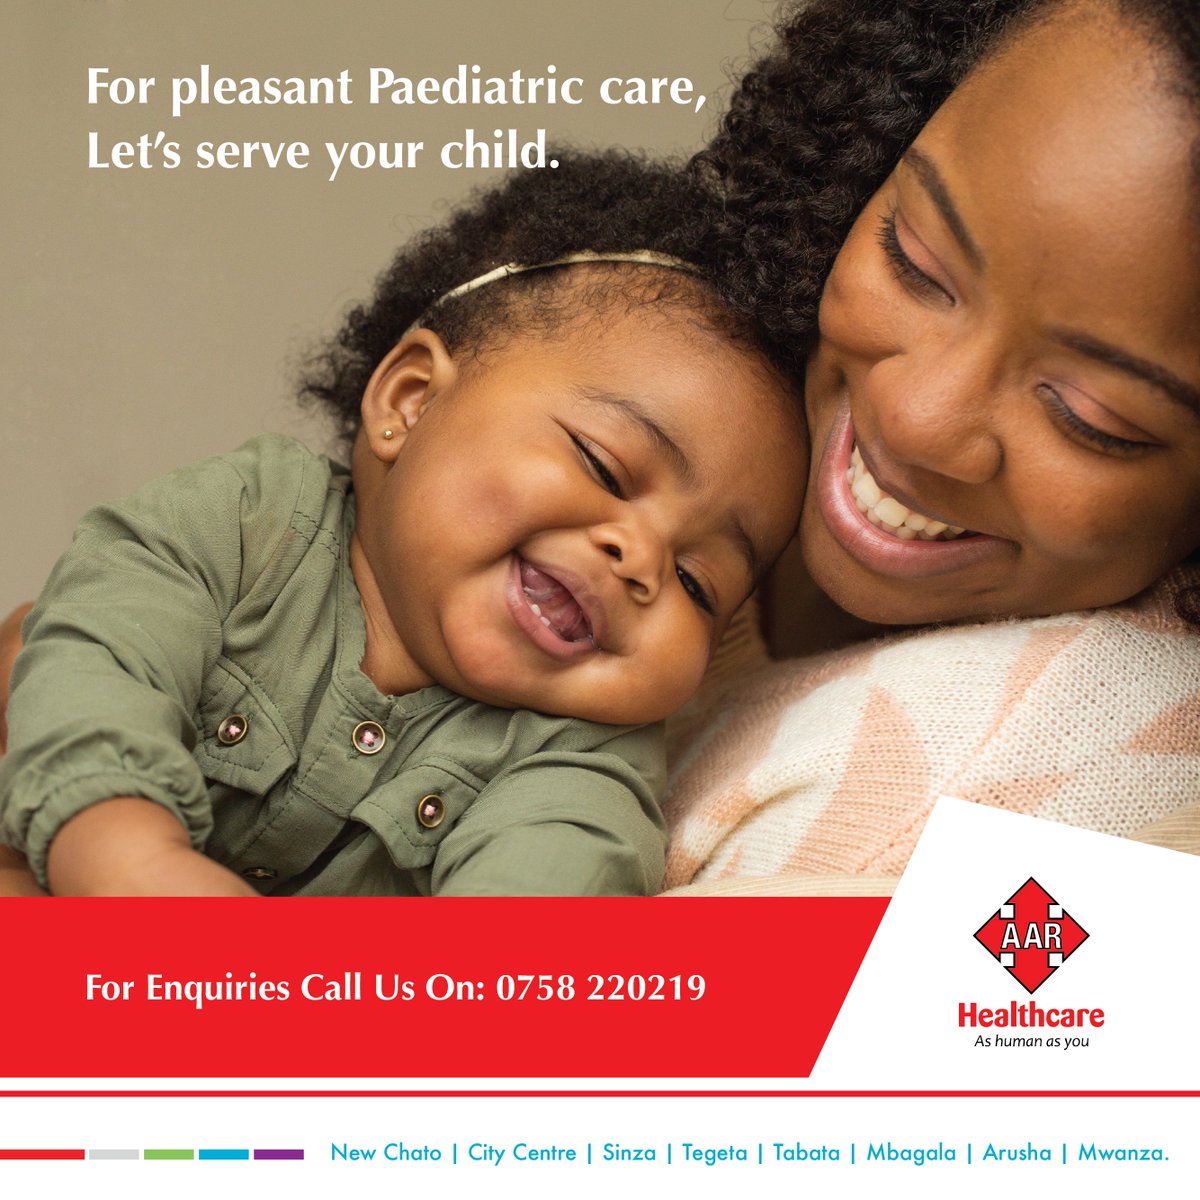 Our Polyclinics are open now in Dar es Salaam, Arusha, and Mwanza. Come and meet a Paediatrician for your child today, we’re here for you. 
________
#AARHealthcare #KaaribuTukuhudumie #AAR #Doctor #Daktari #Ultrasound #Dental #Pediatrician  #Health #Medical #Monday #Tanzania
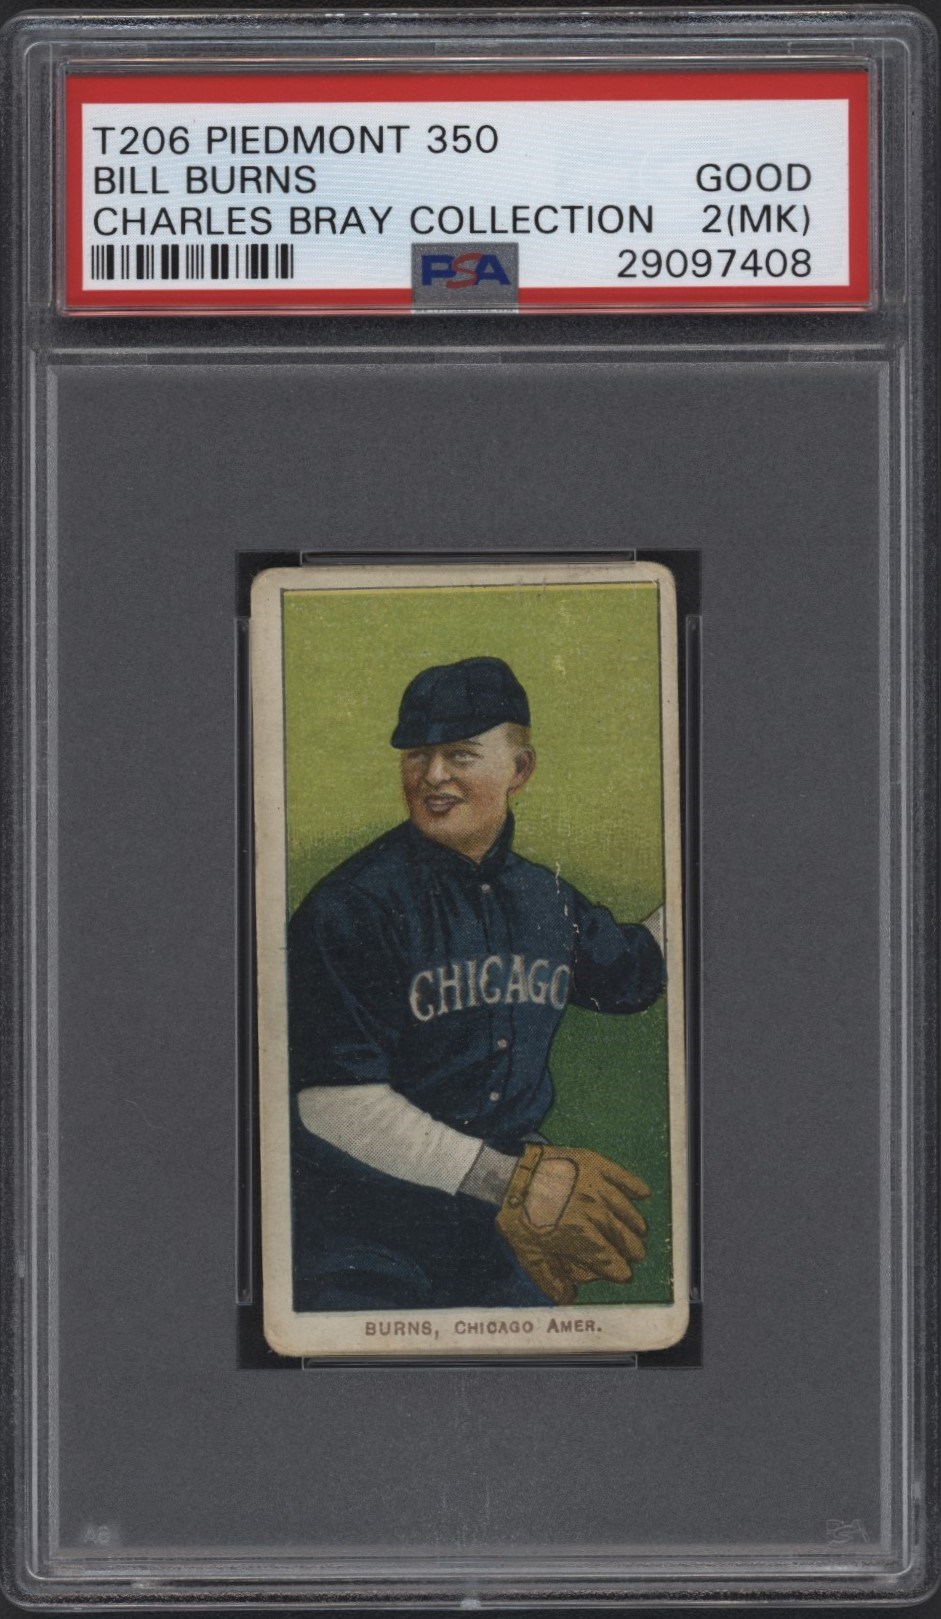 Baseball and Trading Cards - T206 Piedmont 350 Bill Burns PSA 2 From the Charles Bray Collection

--

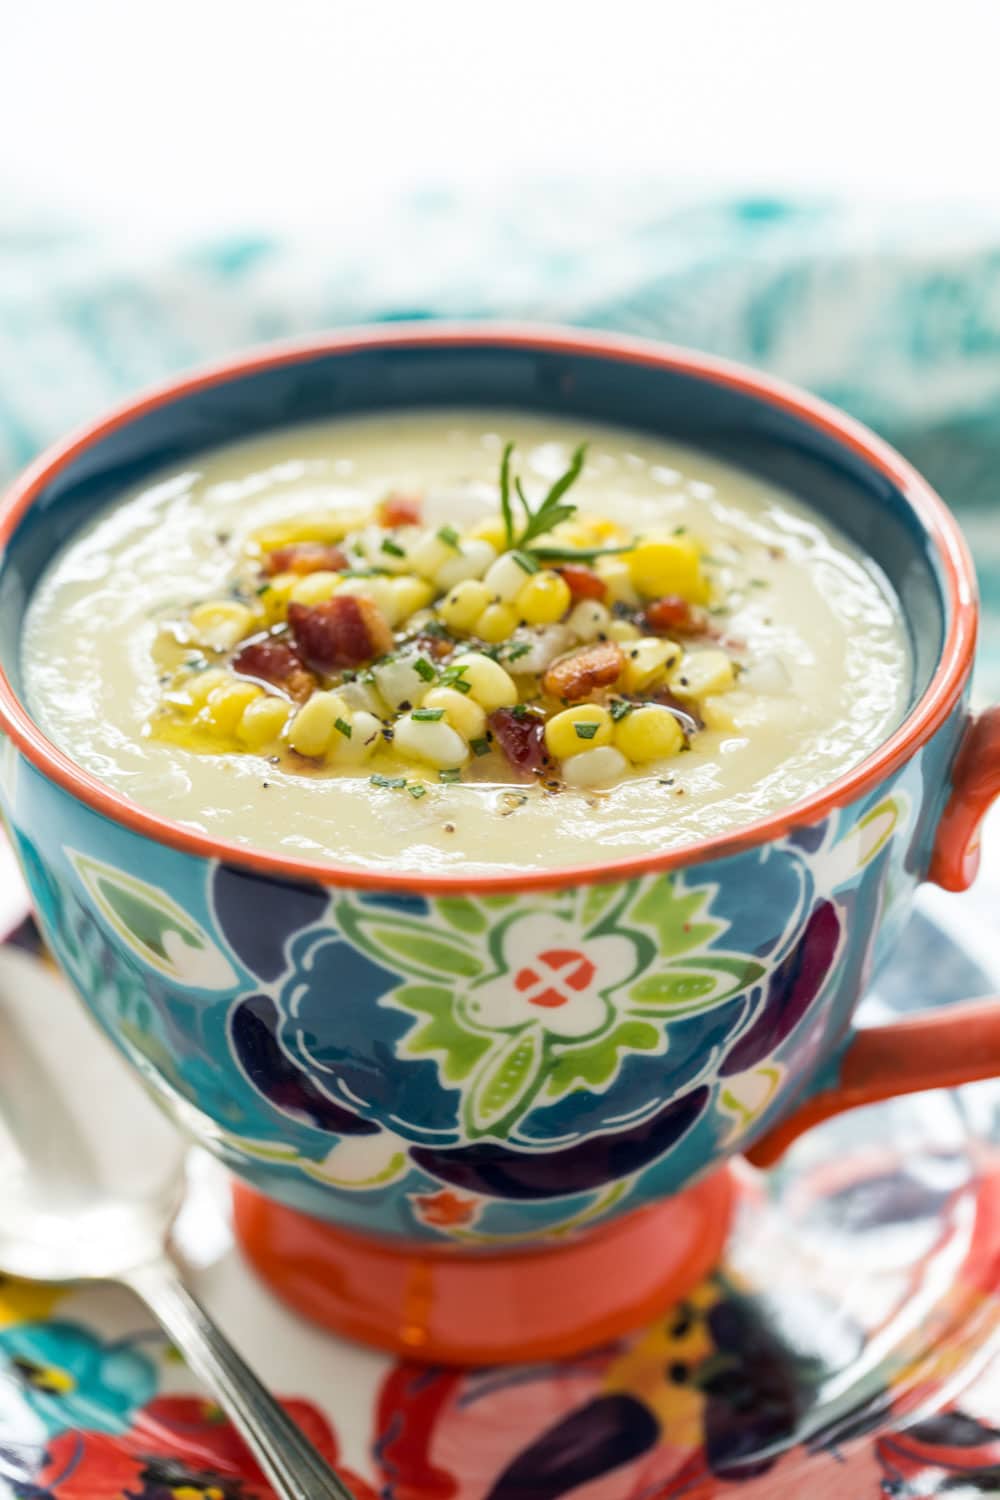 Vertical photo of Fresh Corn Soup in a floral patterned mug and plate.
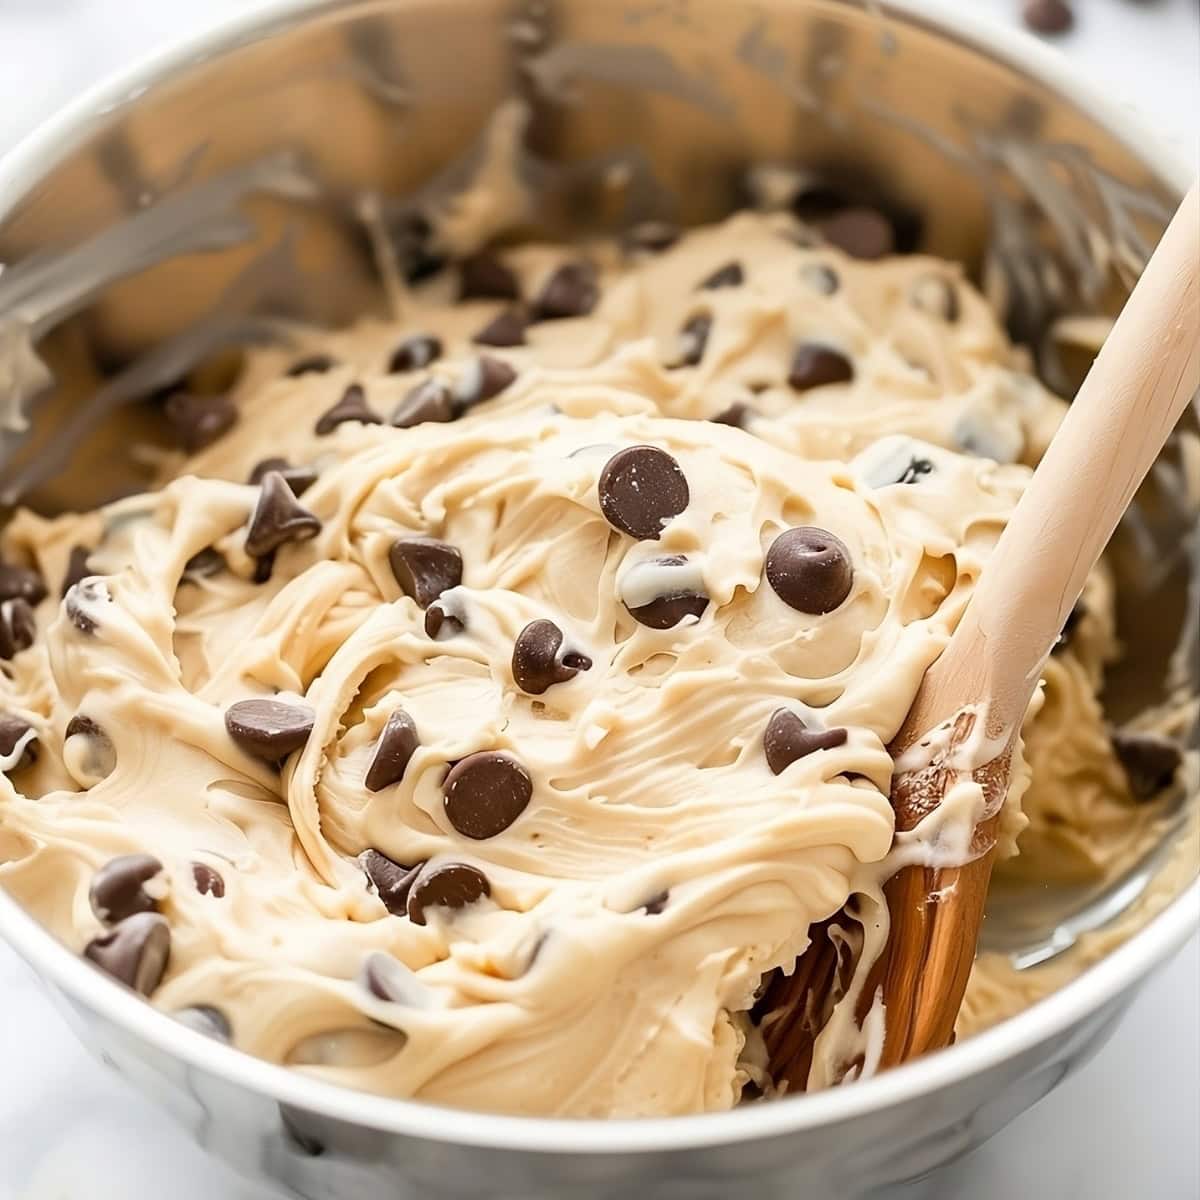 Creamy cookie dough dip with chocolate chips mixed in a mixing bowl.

* * *

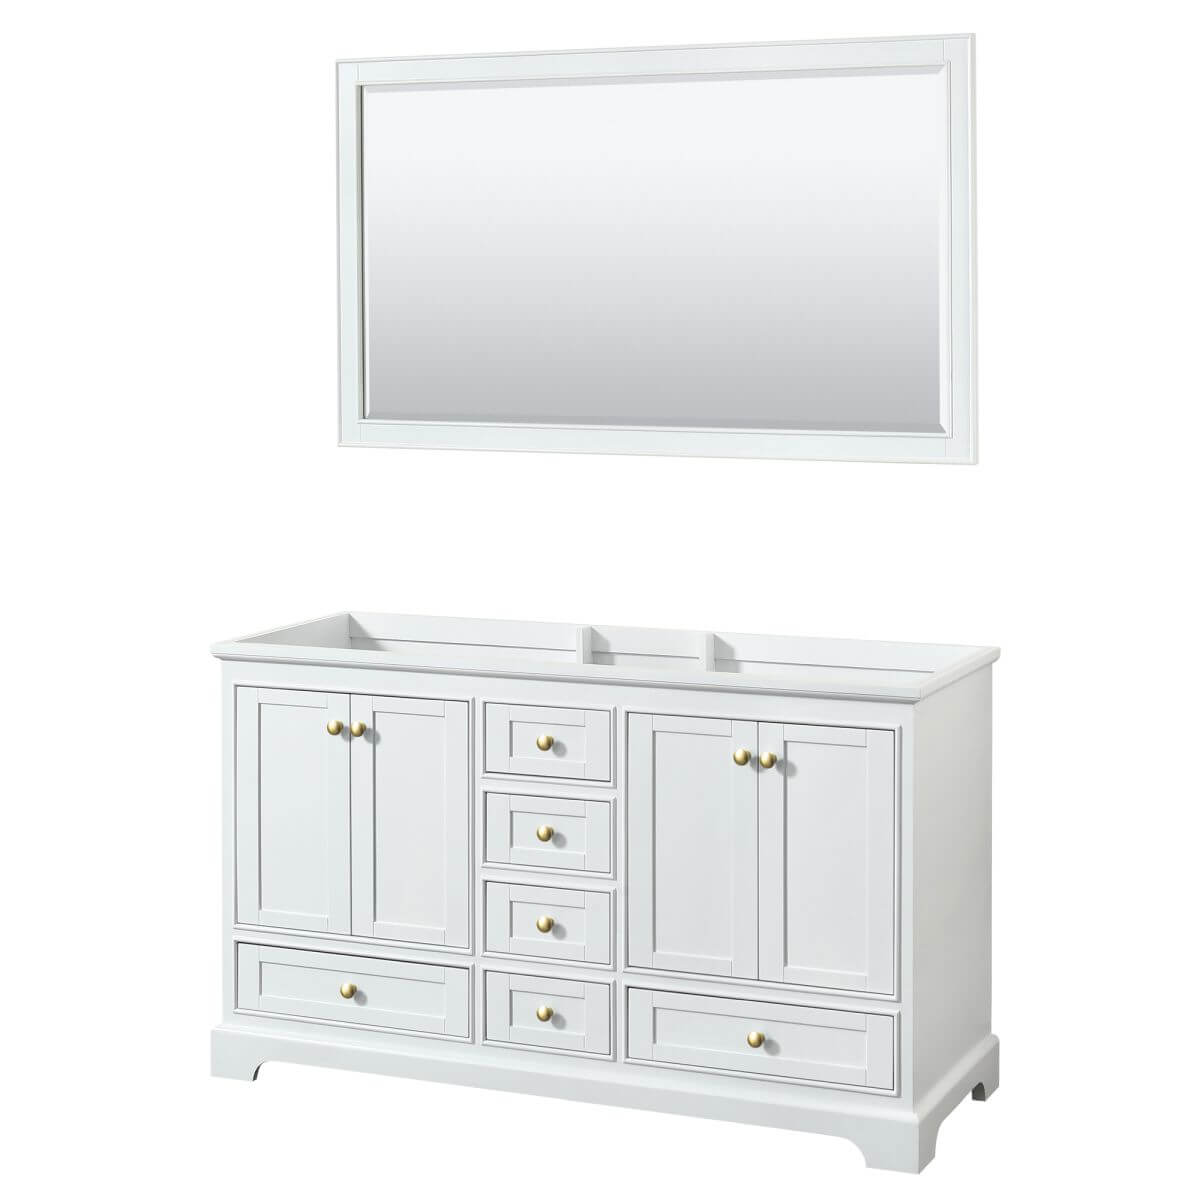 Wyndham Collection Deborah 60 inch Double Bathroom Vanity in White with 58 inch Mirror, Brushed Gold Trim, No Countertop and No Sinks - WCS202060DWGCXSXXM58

• PROBLEM TO SOLVE: Quote word for word only the lines above from the one containing "Vertical photo of" through the one containing "Creamy cookie dough". Pictures stay out of your copy.

• REPLY:
 Vertical photo of Fresh Corn Soup in a floral patterned mug and plate.
 Creamy cookie dough dip with chocolate chips mixed in a mixing bowl.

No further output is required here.